The Massachusetts Museum of Contemporary Art (Mass Moca) in North Adams is celebrating the tenth anniversary of its staggering 27,000 sq. ft exhibition, Sol LeWitt: a Wall Drawing Retrospective, by adding another decade to the long-term presentation.
Conceived between 1969 and 2007, the 105 drawings—across nearly an acre of wall space—took more than 60 artists and students six months to install. They will now be exhibited until 2043, thanks to the support of the artist’s family and studio, and in collaboration with the Yale University Art Gallery and the Williams College Museum of Art.
After ten years on view, the works “are still revealing themselves” and are “full of surprises”, says Joseph Thompson, the director of Mass Moca.
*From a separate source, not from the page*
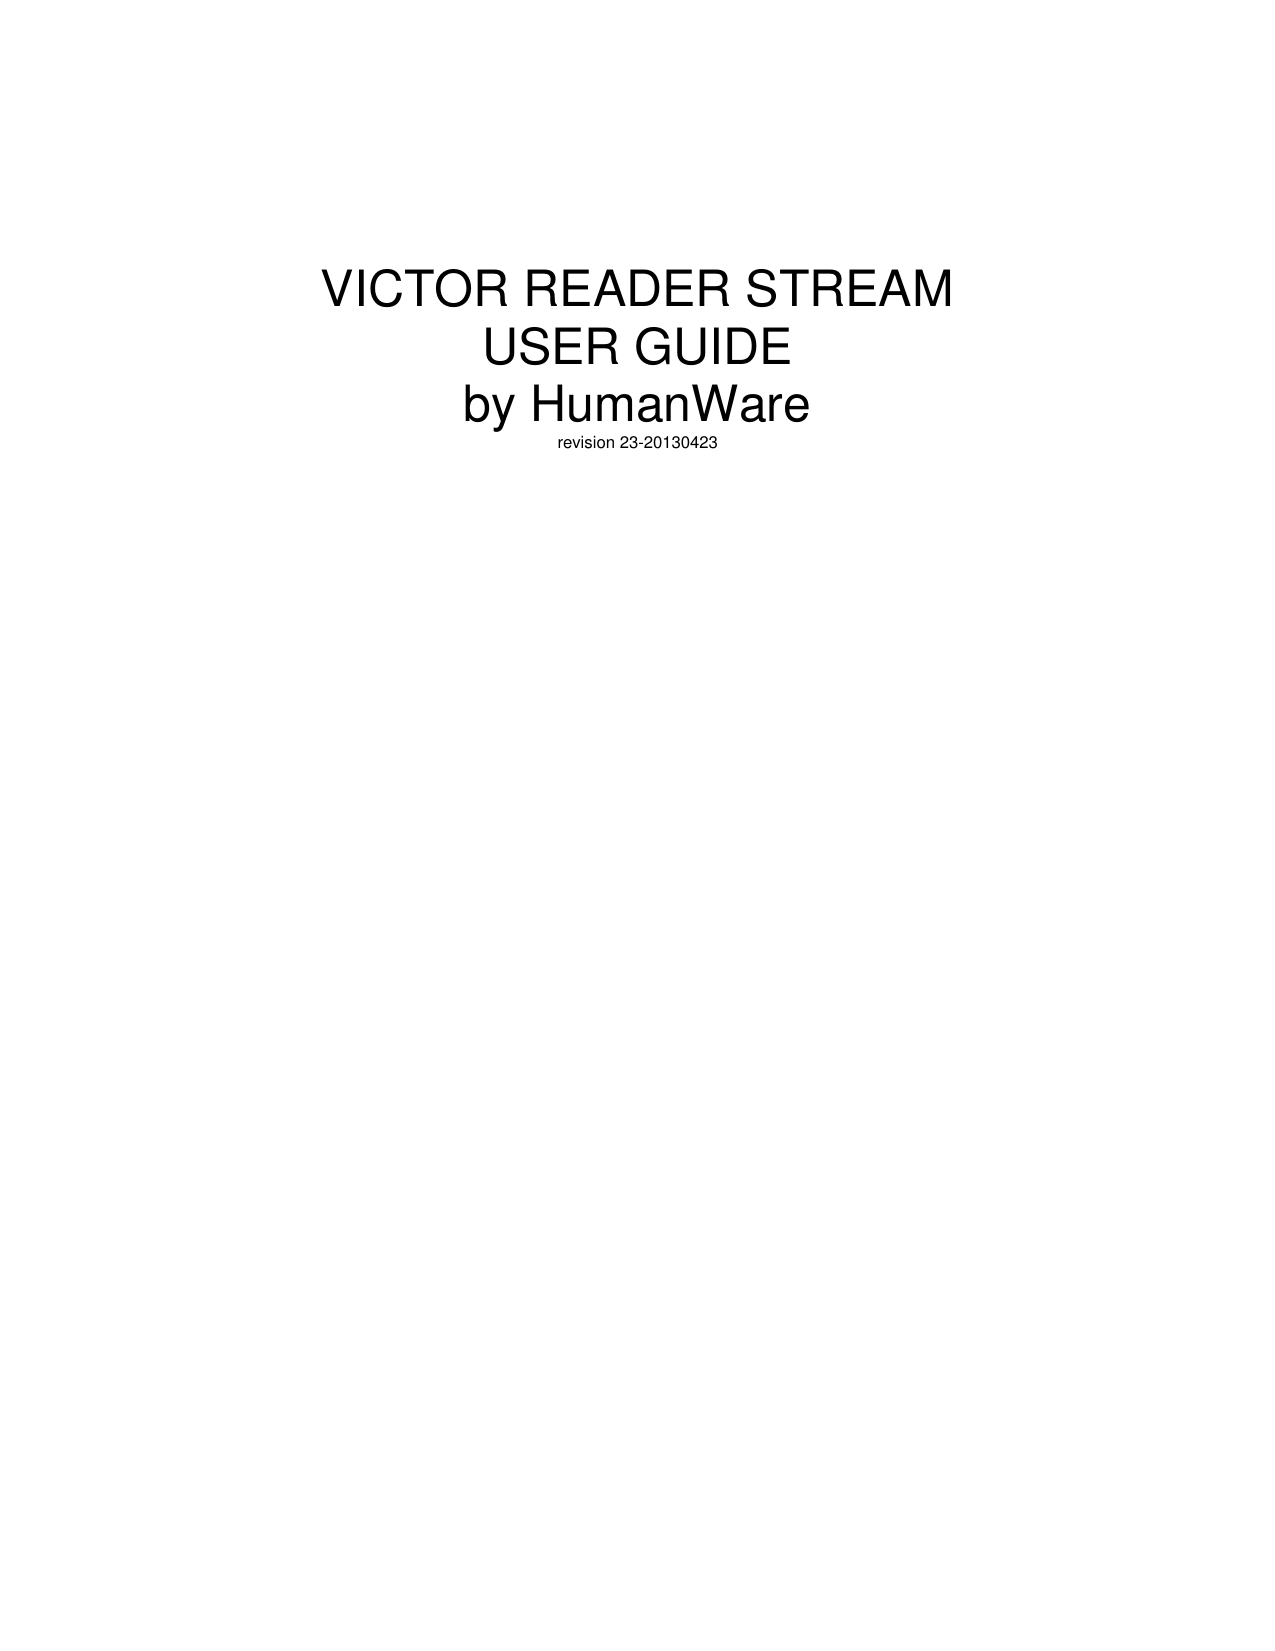    VICTOR READER STREAM USER GUIDE by HumanWare revision 23-20130423

For instance, he only recently realised on “probably my hundredth visit” that the drawings not only correspond to each other in a horizontal sequence, but also relate to the works directly above and below in the three-storey presentation, he says.
Mass Moca has planned a tenth anniversary celebration, LeWitt x 10, for this Saturday (17 November). It will include pop-up performances and gallery presentations by artists including Spencer Finch, Jeffrey Gibson and Barbara Takenaga, and a scholarly symposium.
Amid the dozens of performing arts events and multiple temporary exhibitions Mass Moca puts on each year, Thompson says that the LeWitt installations serve as “milestones that are sitting there, stately and noble”.